Goal of the exercise:
Look below for the line with "The Kelet Café in Budapest.", then repeat it and all lines after it, exactly, minus any pictures.

Recorded information:
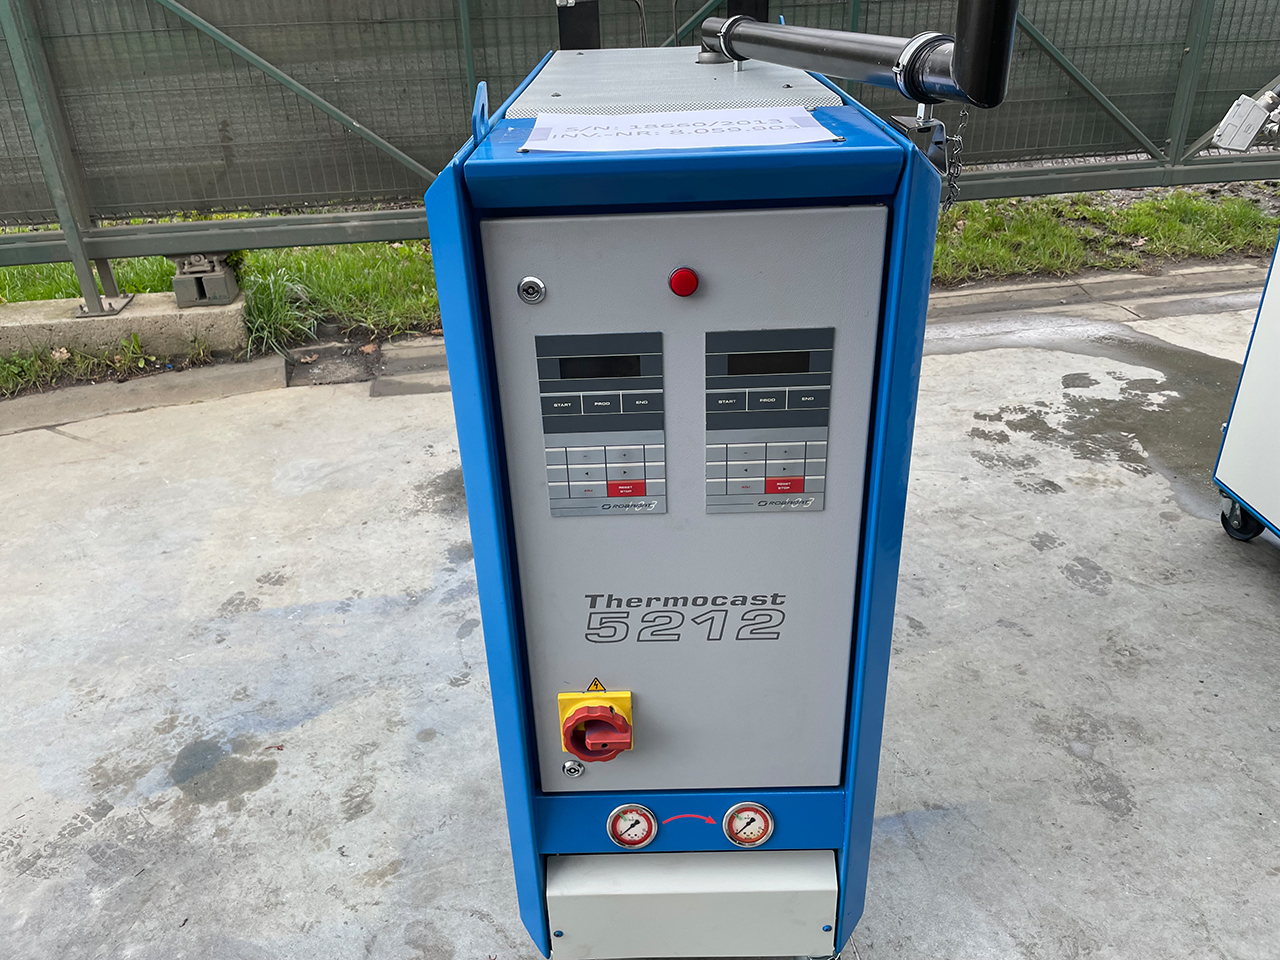 Robamat Thermocast 5212 oil temperature control unit ZU2217, used
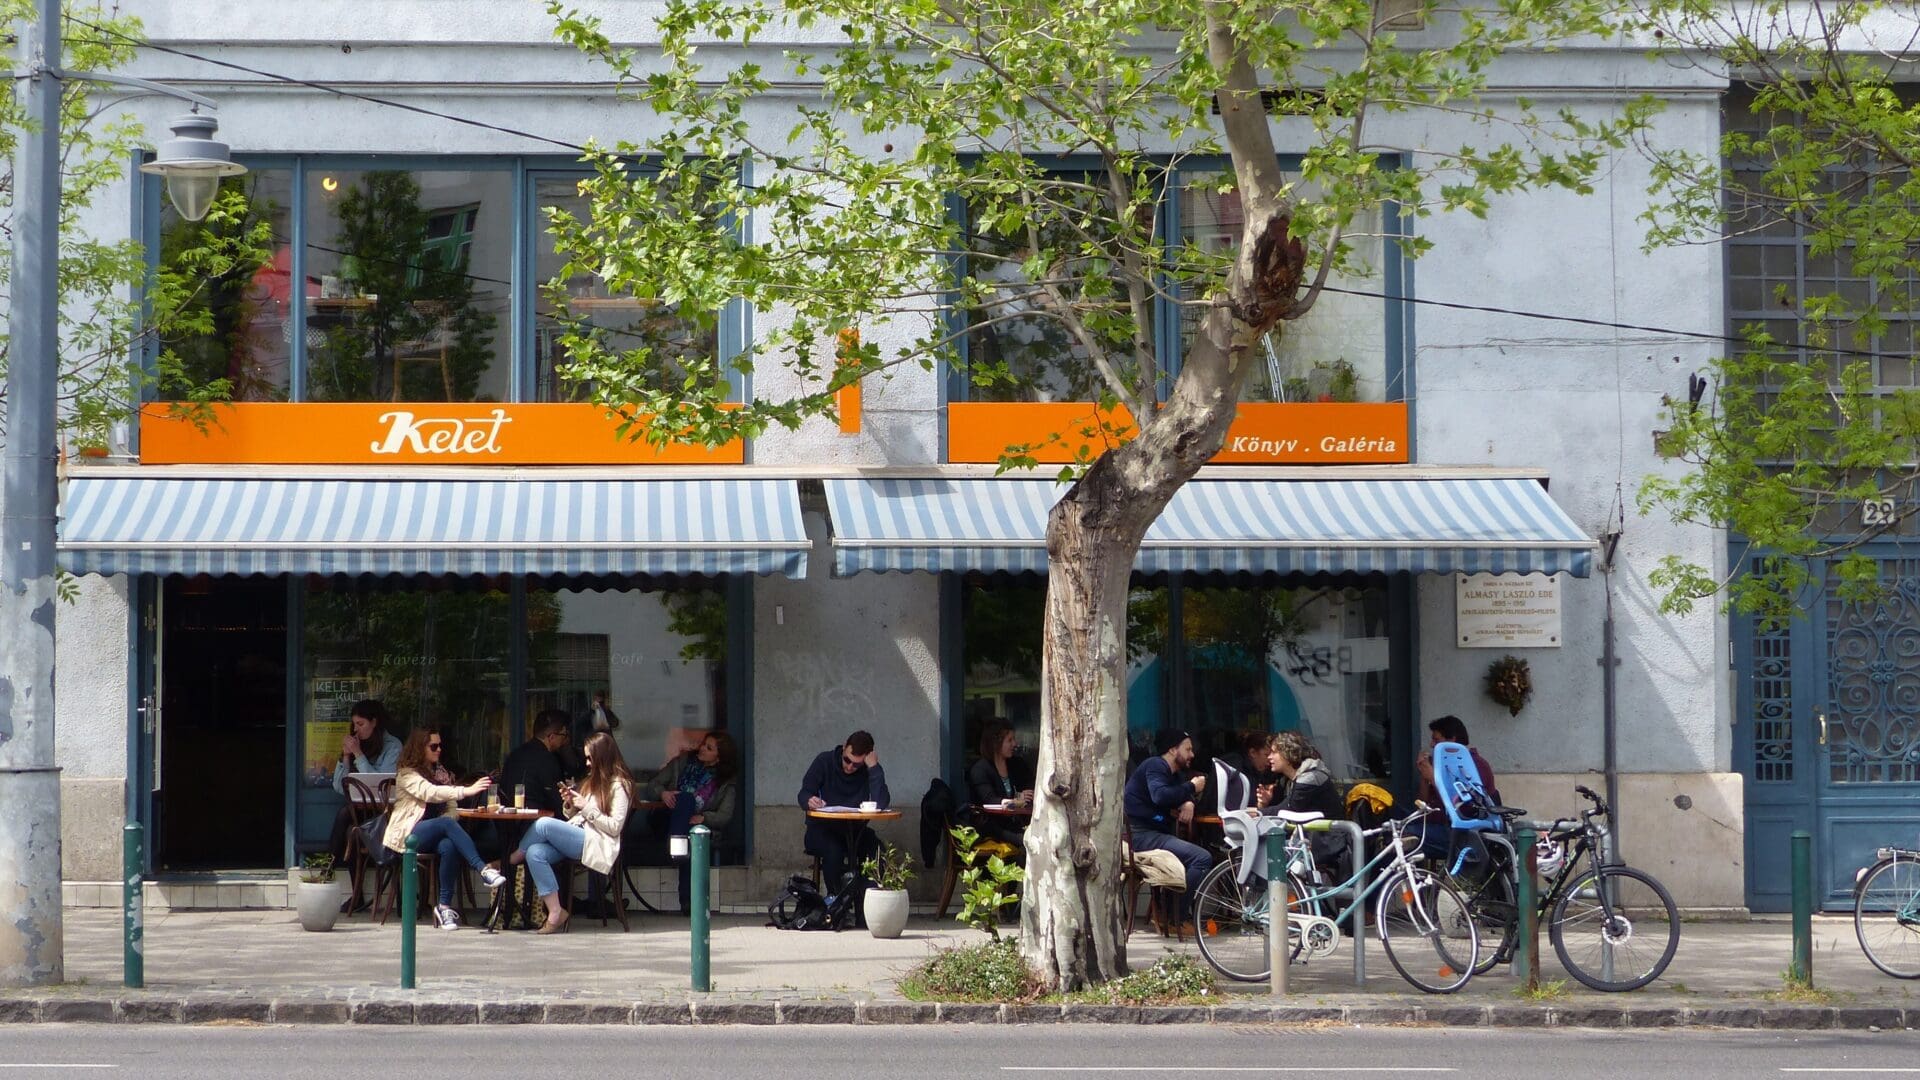 The Kelet Café in Budapest.
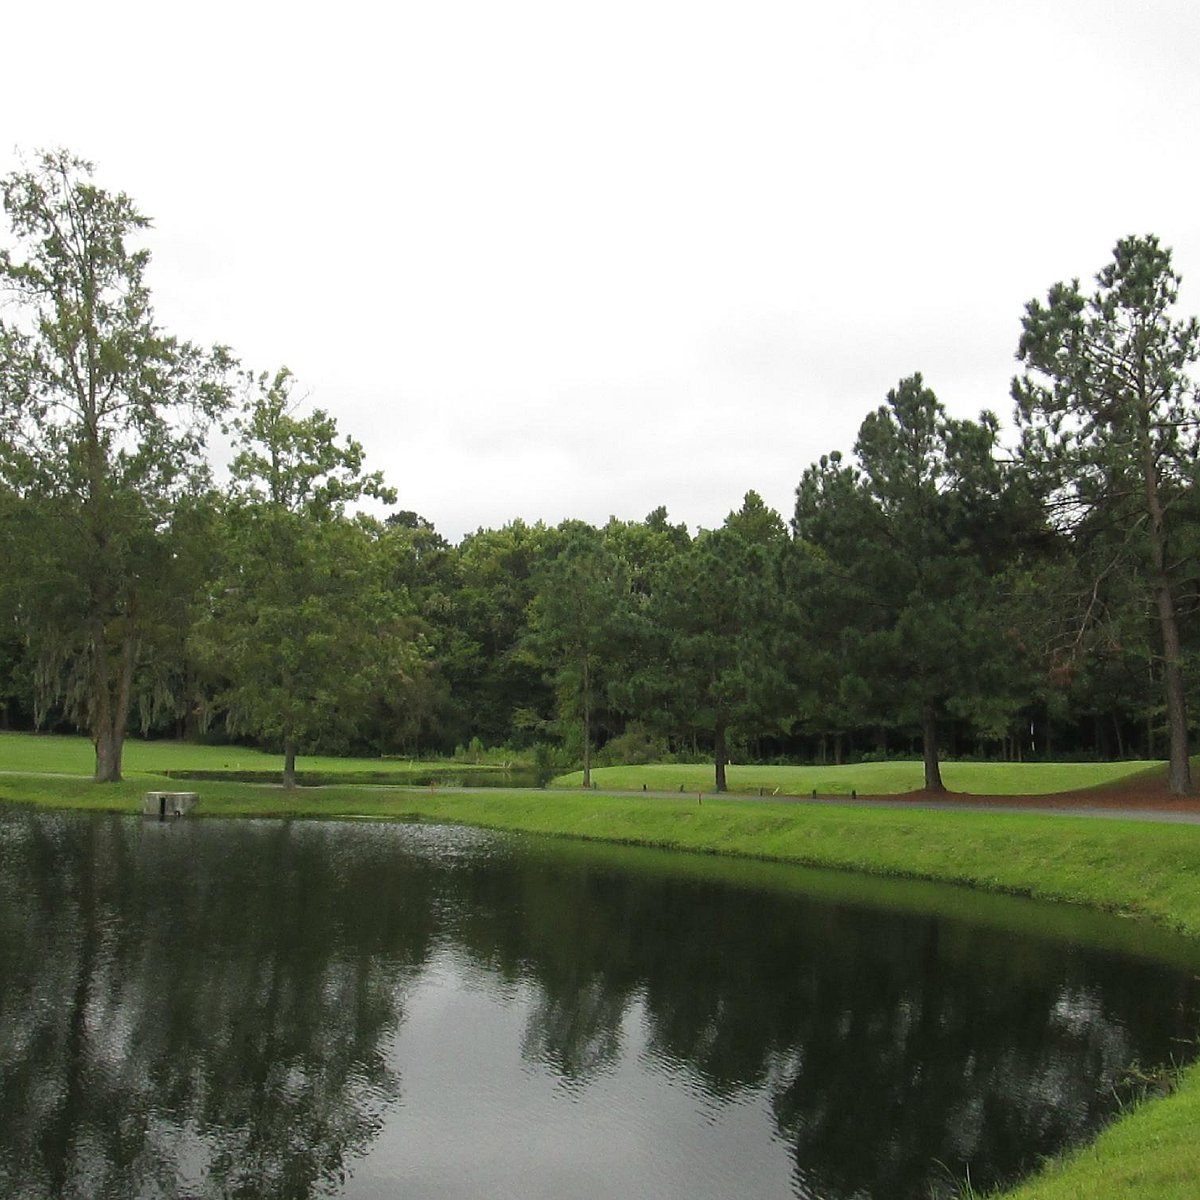 Crowfield Golf Club - Goose Creek, SC

Exercise output:
 The Kelet Café in Budapest.
 Crowfield Golf Club - Goose Creek, SC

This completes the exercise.